For the first time, perhaps, we felt like we were all confronting our mortality together.  But the crisis lasted 13 long days, and when it passed, we gradually forgot about it. Kennedy made some concessions in this instance to bring us that peace.  The concessions were never overtly acknowledged, but, in these times, it is good to remember that concessions can be a valuable tool for peace. In any case, the US and the USSR proved that they could work together to avert catastrophe This is when the hot line/red phone was installed between Washington and Moscow.   In the 1950s and 60s, there was a spat of movies about a nuclear apocalypse – try watching On the Beach or Fail-Safe. But, over time, we gradually forgot or repressed the danger.  We forgot, that is, until the discussion started about what we could do to help Ukraine, and how the use of no-fly zones would lead to nuclear war with Russia.
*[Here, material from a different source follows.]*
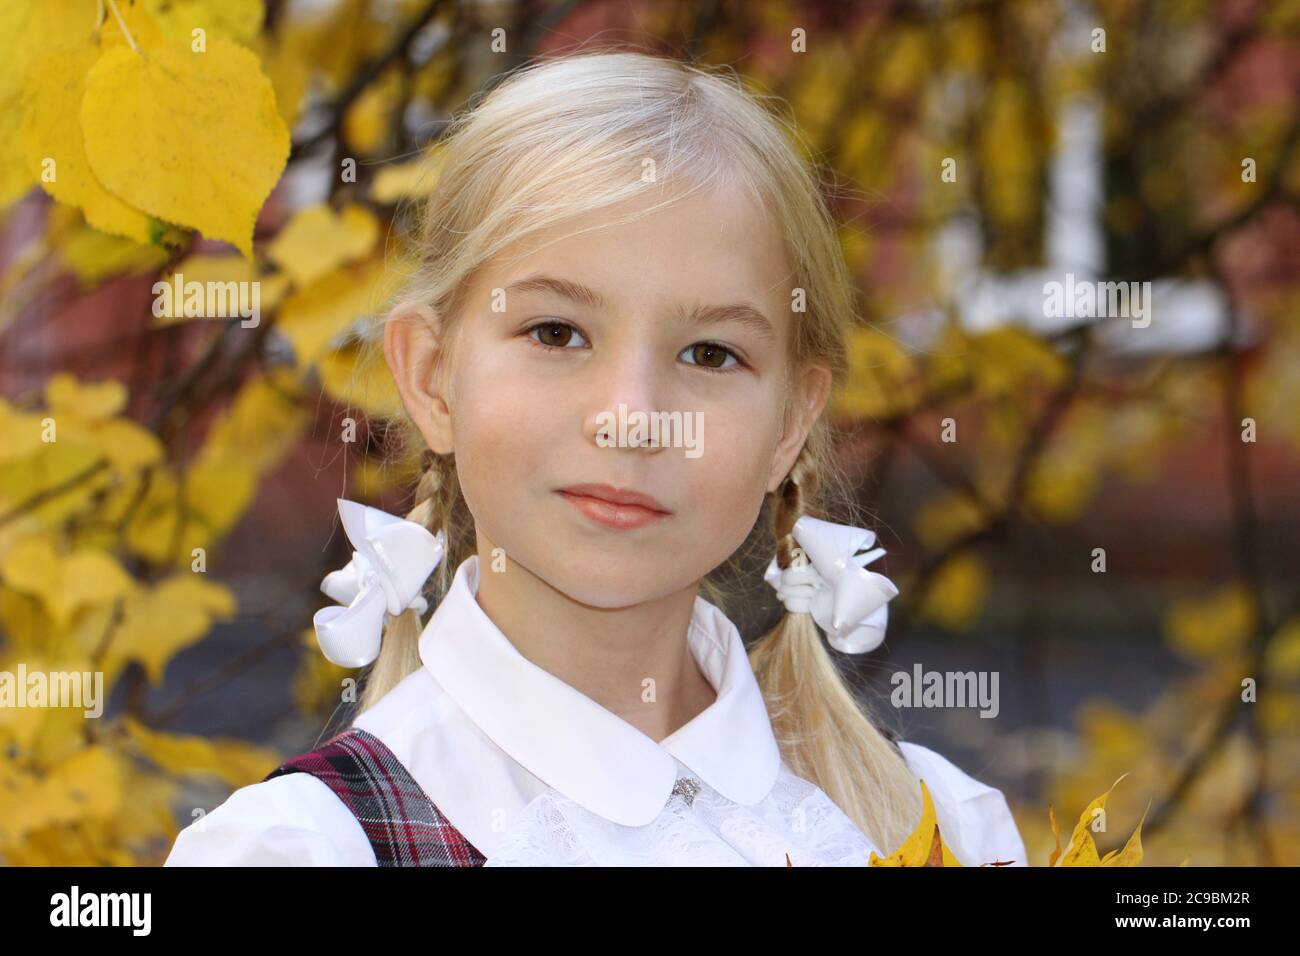 Une écolière blonde de race blanche va à l'école en automne sur fond de feuilles jaunes Banque D'Images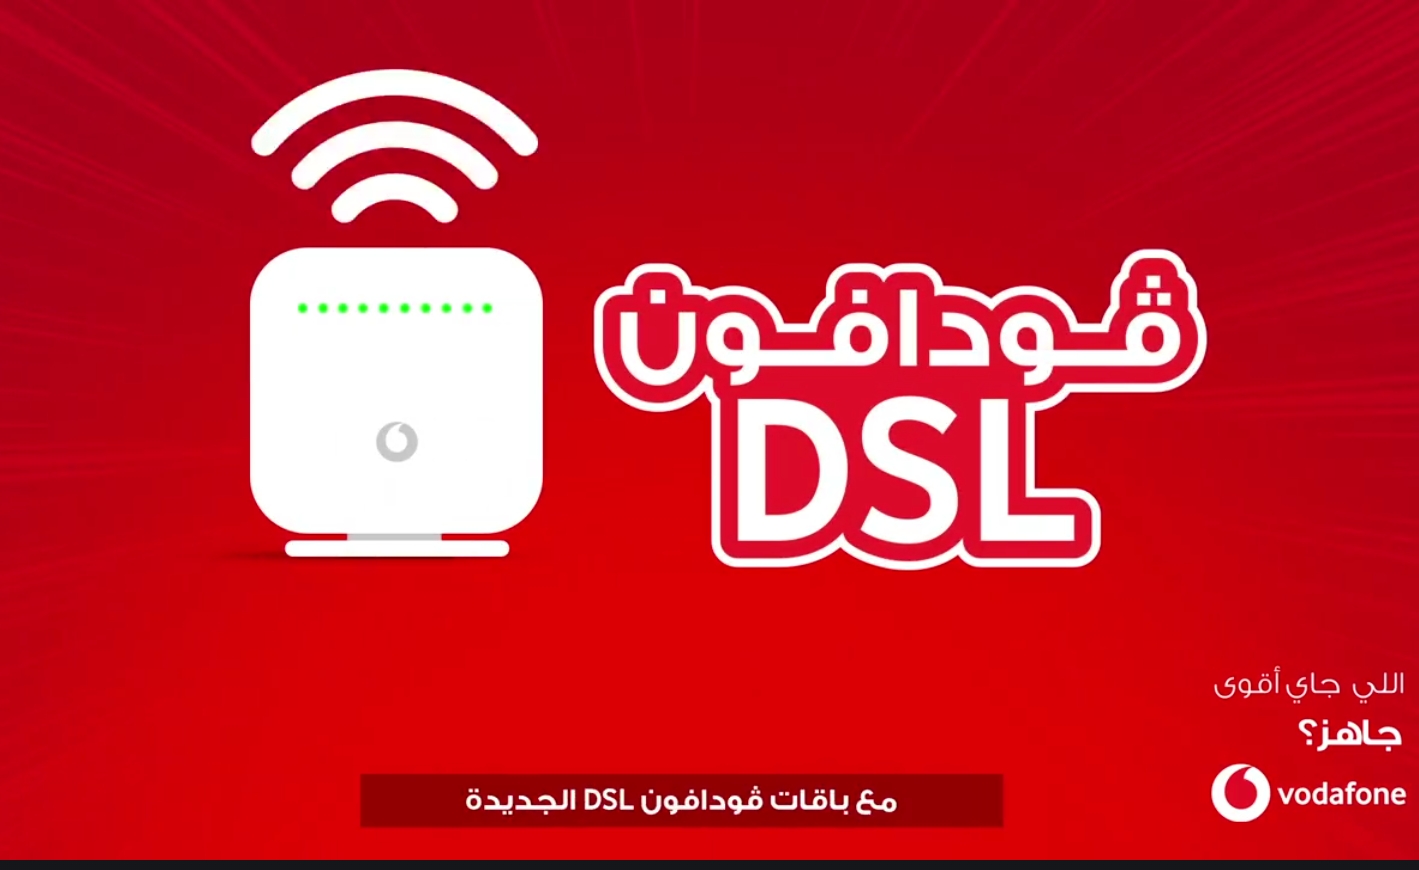 باقات DSL للانترنت المنزلي الجديد من فودافون

It seems inevitable that once we had nuclear weapons, someone would eventually use them.  We used them in WWII, with horrific results for the Japanese.  Scientists who worked on the bomb had remorse, and Oppenheimer and others saw no point in mankind building bridges, carrying on – as they felt that it was inevitable that the world would end in a nuclear holocaust.  The great polymath John von Neumann said: Technological possibilities are irresistible to man. If man can go to the moon, he will. If he can control the climate, he will.  He also said: It is just as foolish to complain that people are selfish and treacherous as it is to complain that the magnetic field does not increase unless the electric field has a curl. Both are laws of nature.

That being said, it seems amazing that there has been so little general discussion of nuclear weapons over the decades since Kennedy and Khrushchev faced each other down.  I have to admit, they have not been much on my mind.  It is not a comfortable subject.  Maybe, like death, the Damocles Sword of possible atomic annihilation is something we know but do not acknowledge, do not allow ourselves to acknowledge. (Is climate change in this same category?)

In his “Thoughts in Time of War,” Freud talks about how war – even a war in which we might not be participants – forces us to acknowledge death, and considers whether this might be a good thing:

It is evident that war is bound to sweep away this conventional treatment of death.  Death is no longer to be denied; we are forced to believe in it.  People really die; and no longer one by one, but many, often tens of thousands, in a single day…. Would it not be better to give death the place in reality and in our thoughts which is its due, and give a little more prominence to the unconscious attitude towards death which we have hitherto so carefully suppressed?

I am indeed lucky to have reached the age of 70 without witnessing an atomic apocalypse, nor have I suffered much anxiety about it since 1962.  But I am thinking about it now again, and – as Freud says – war forces us to acknowledge our own mortality, even though most of the time “we were accustomed to behave as if it were otherwise.” 

I have never written a story about nuclear war – although I have ended the world with an asteroid (“Back to the Garden”) and an epidemic (The Last Quartet).  My story, “Last Things,” though, expresses one way of looking at the end of things – or the possible end of things.